Chase: If you’re entering Pizza Planet can I raise you one Stan Mikitas?
Brad: Do either of them serve Bluth Cornballs?
Steve: So I’ve just now had the first opportunity to respond. Seth, you read my mind. I was gonna go “Sex Panther” all the way, but now that it is taken I’ll have to go with another brand or two.
-Ghostbusters – I mean come on! It was a movie and a small enterprise. A group of guys who go around and take care of all your supernatural killing needs, sometimes getting slimed in the process, saving a city from a demon painting and a giant marshmallow, and doing so with humor all the way.

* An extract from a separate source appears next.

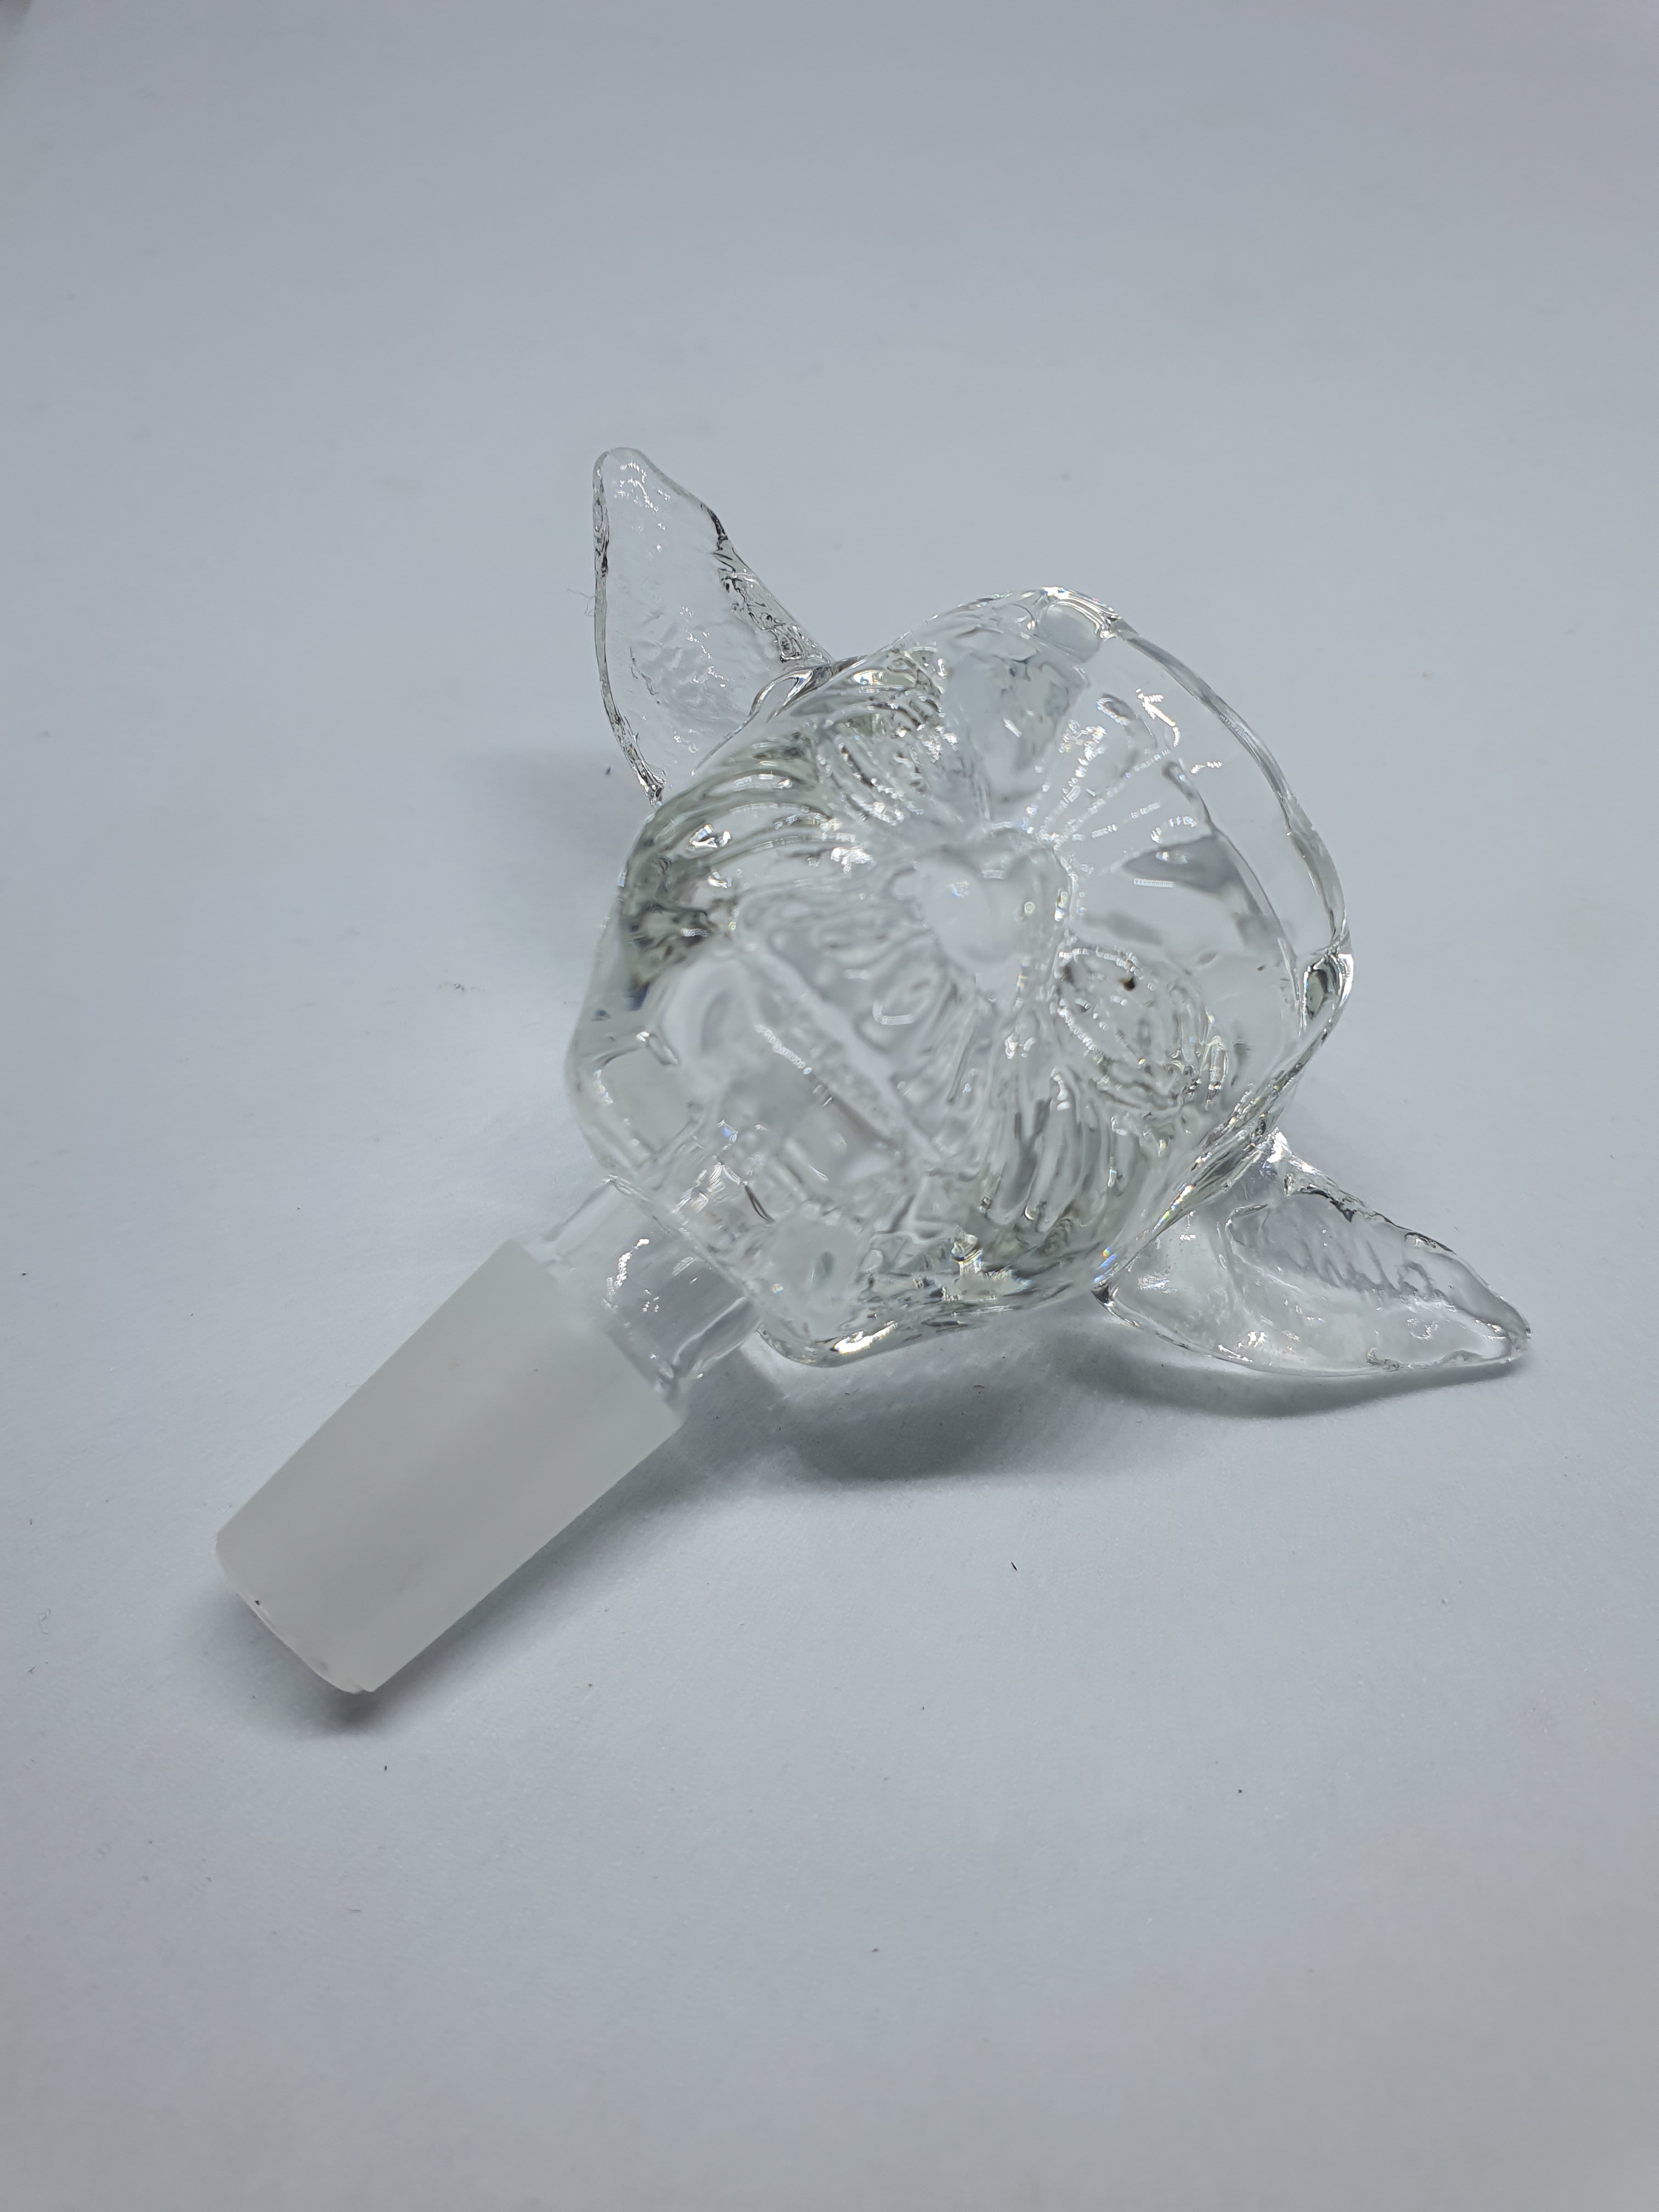 Yoda Cone Piece 14mm male (clear) - Juicy Puff  Craft E Liquid E Juice,  Vaporizers, Vapes, E Cigarettes

-Dunder Mifflin – I’m actually surprised Chase didn’t spit this one out. Fictional paper company in Scranton, PA lead by
Michael Scott. Dwight Schrute adding ridiculousness. May be slightly dysfunctional but great none-the-less.
-Coffee Bucks – a complete rip off of Starbucks and the corporation of coffee
-Shower Shorts – “For the man who has nothing to hide, but still wants to.”

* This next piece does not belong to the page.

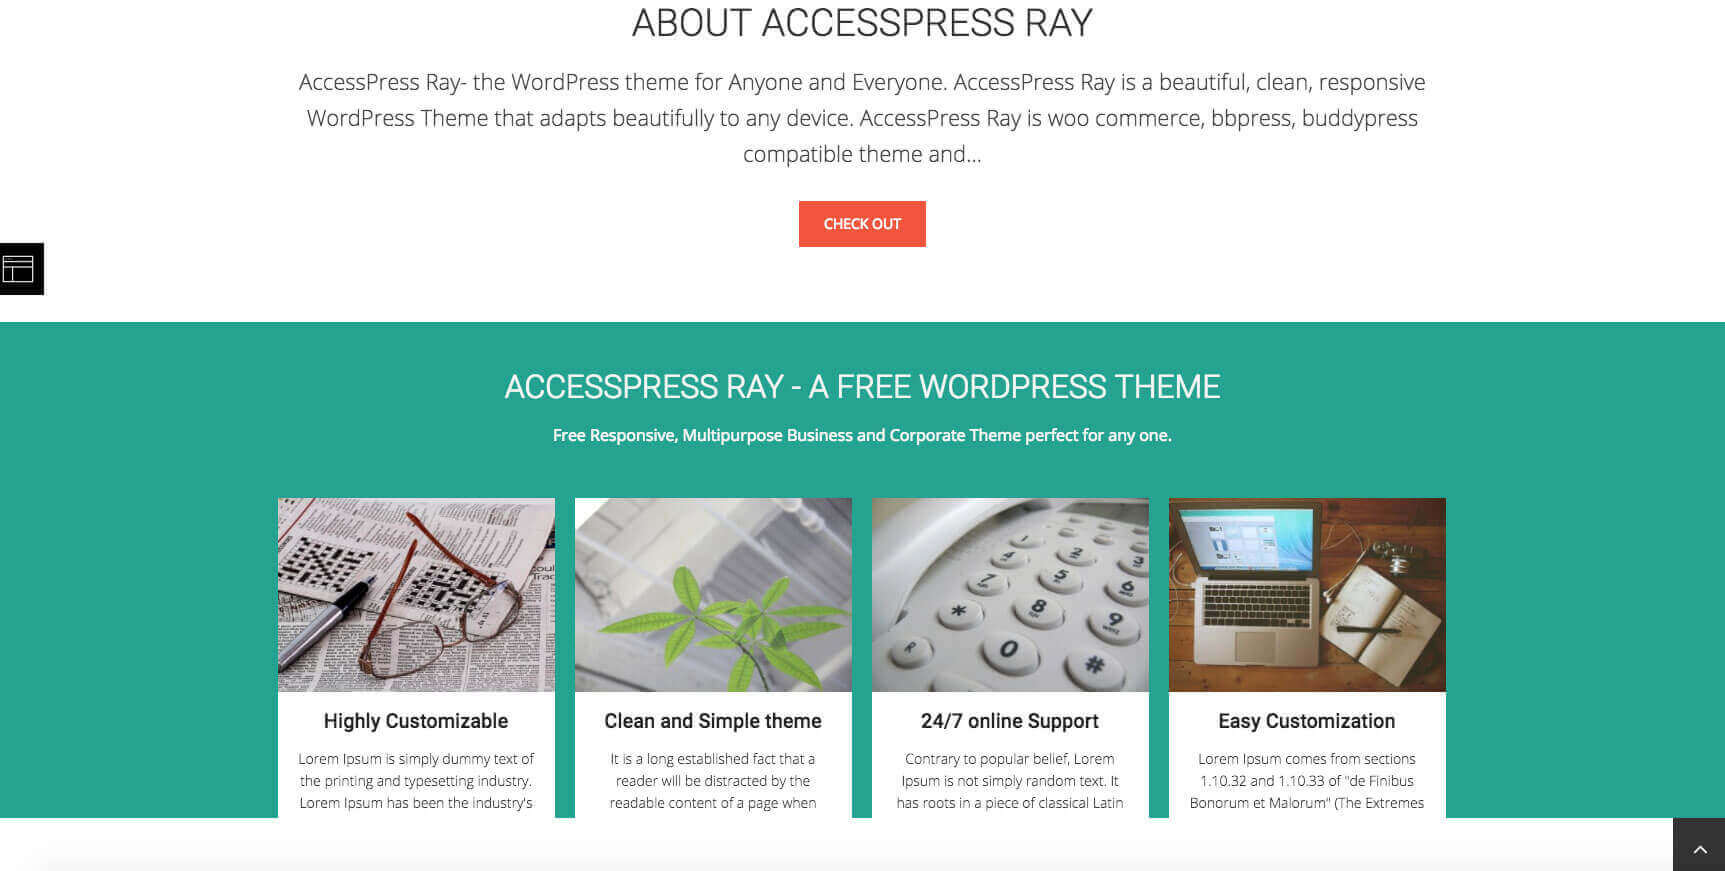 AccessPress Ray theme

Sherman: Dude, Wernham-Hogg could outsell DunderMifflin any day of the week. Sure, unlike their American cousins who are all sad sap funnymen, the Brits are all funny sad saps, but England’s got Finchy!

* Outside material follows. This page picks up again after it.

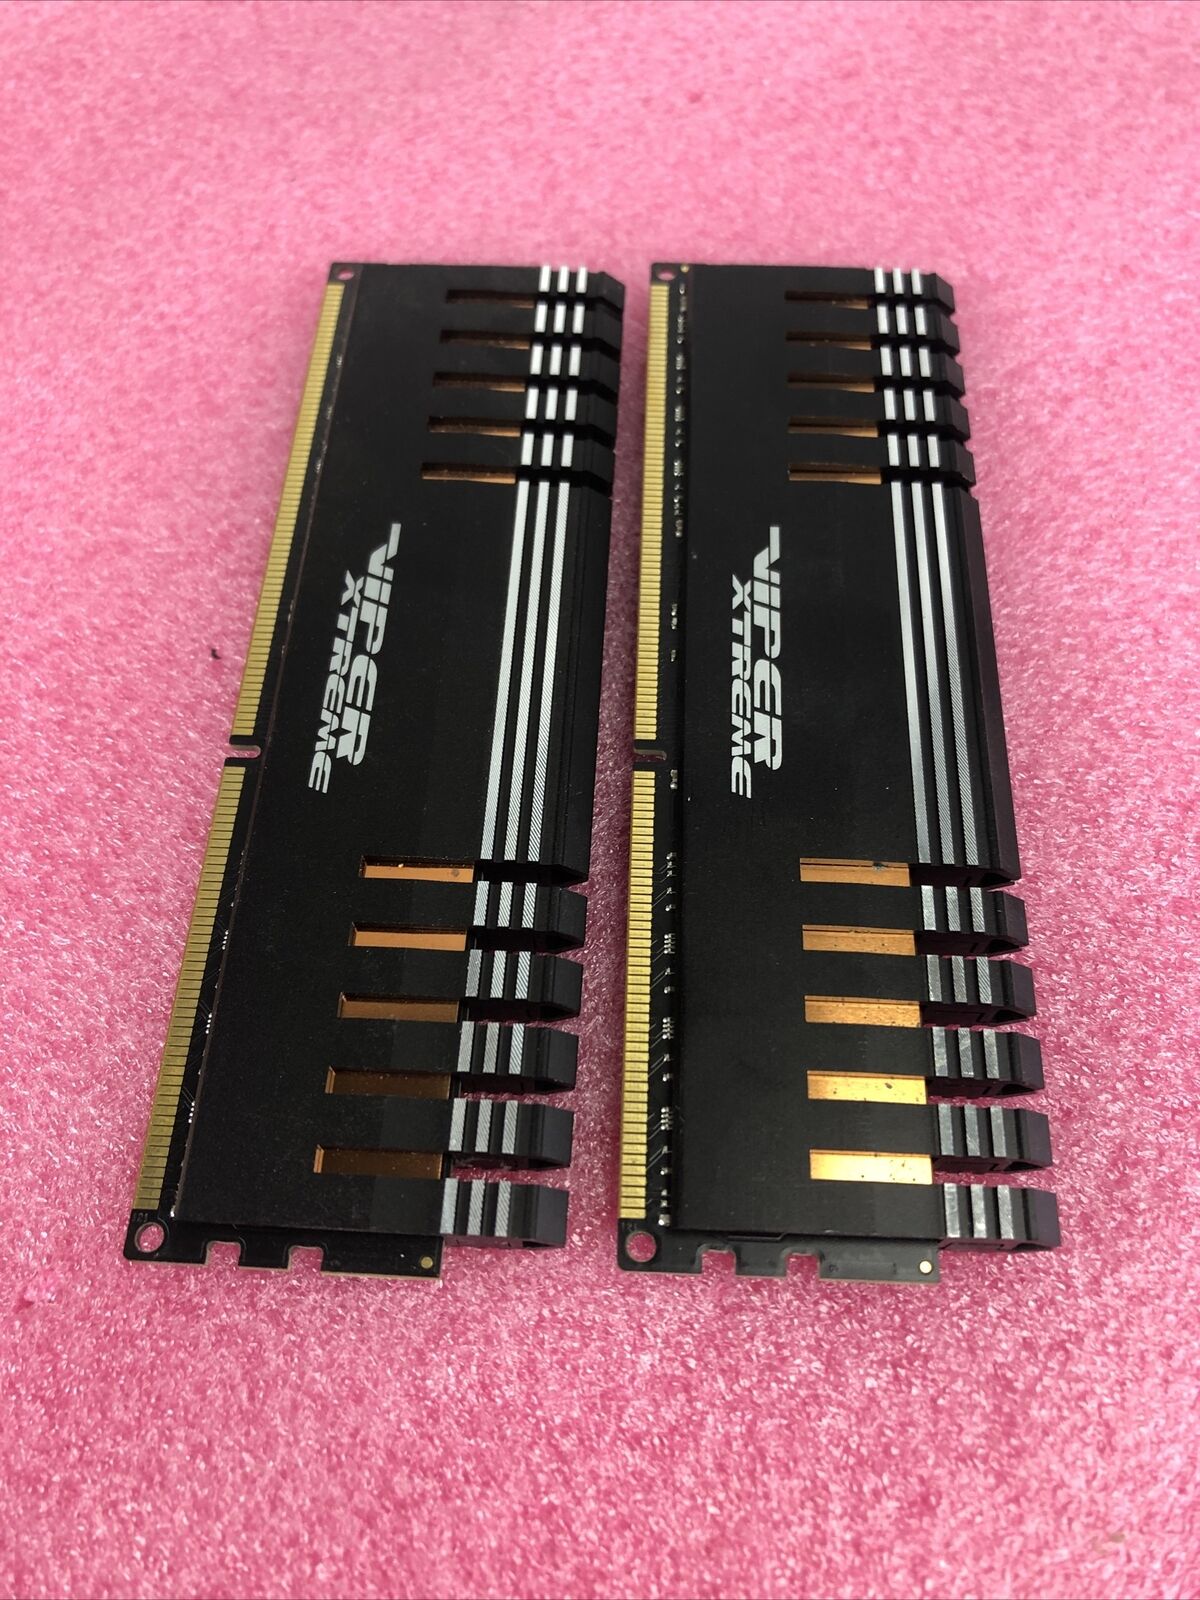 Viper Extreme PXD38G1600LLK kit of 2 8GB RAM

Chase: Dark Horse Late Entry from Ren and Stimpy …. BLAMMO the makers of “The Log”… Does anyone know if they also made the Game “Don’t Wiz on the Electric Fence”? (YES THEY DID!)
Greg: Brawndo is definitely in front.  As much love as I have for Duff… THIRST MUTILATOR!
For those South Park fans out there, I propose Cherokee Hair Tampons.  I know it doesn’t technically have a brand, but they did a real life commercial to be aired at the end of a commercial break to fill in seamlessly.  Hilarious.  The traditional blue liquid test for the product includes a bundle of hair still attached to a girl dressed as an indian.
In an episode where natural remedies become a fad, Miss Information takes the town for chumps (with the help of Cheech and Chong) selling Cherokee Hair Tampons as a more natural product because its super absorbent and indians are more in touch with nature.  After it is discovered that Cheech and Chong are not indians but Mexicans, this woman just stares at her huha (I love Mila Kunis in Forgetting Sarah Marshall) and screams.  Priceless.
Josh: Brawndo is great and all… but there is only ONE thirst quencher….. here.
Sherman: Sure, but Brawndo’s got ELECTROLYTES.
Steve: Another energy drink for y’all to take. If you didn’t get enough electrolytes from Brawndo (which in all honesty is impossible) or didn’t get enough real lightening in your Powerthirst then top off the morning with some BootySweat (Tropic Thunder). That’s right… Alpha Chino’s energy drink. Once you are all electrolyted up and pumped from the first two energy drinks, this will get you surrounded by lots of women. Because we all get tired of banging tractor trailers. Some of us need women…
Summer: I’m a fan of mockolate. i’ve always wondered just how bad it actually tastes.
Chase: A few more of my favorites…
-Schimtz Gay
-Oceanic Air
-Initech
-Strickland Propane
Sherman: Oh, Initech is a good one.  It needs a shout out.

But you know what else does?  InGen.  They gave you dinosaurs.  Yeah, you can have your energy drinks, I got a freaking dinosaur right here ladies.

I can’t find the video from Jurassic Park, damn copyright laws, so instead, here’s a video of the Toronto Raptors mascot eating a cheerleader. Go Canada!

I’m going to copy a wise newsman and leave you with that as your “Moment of Zen.”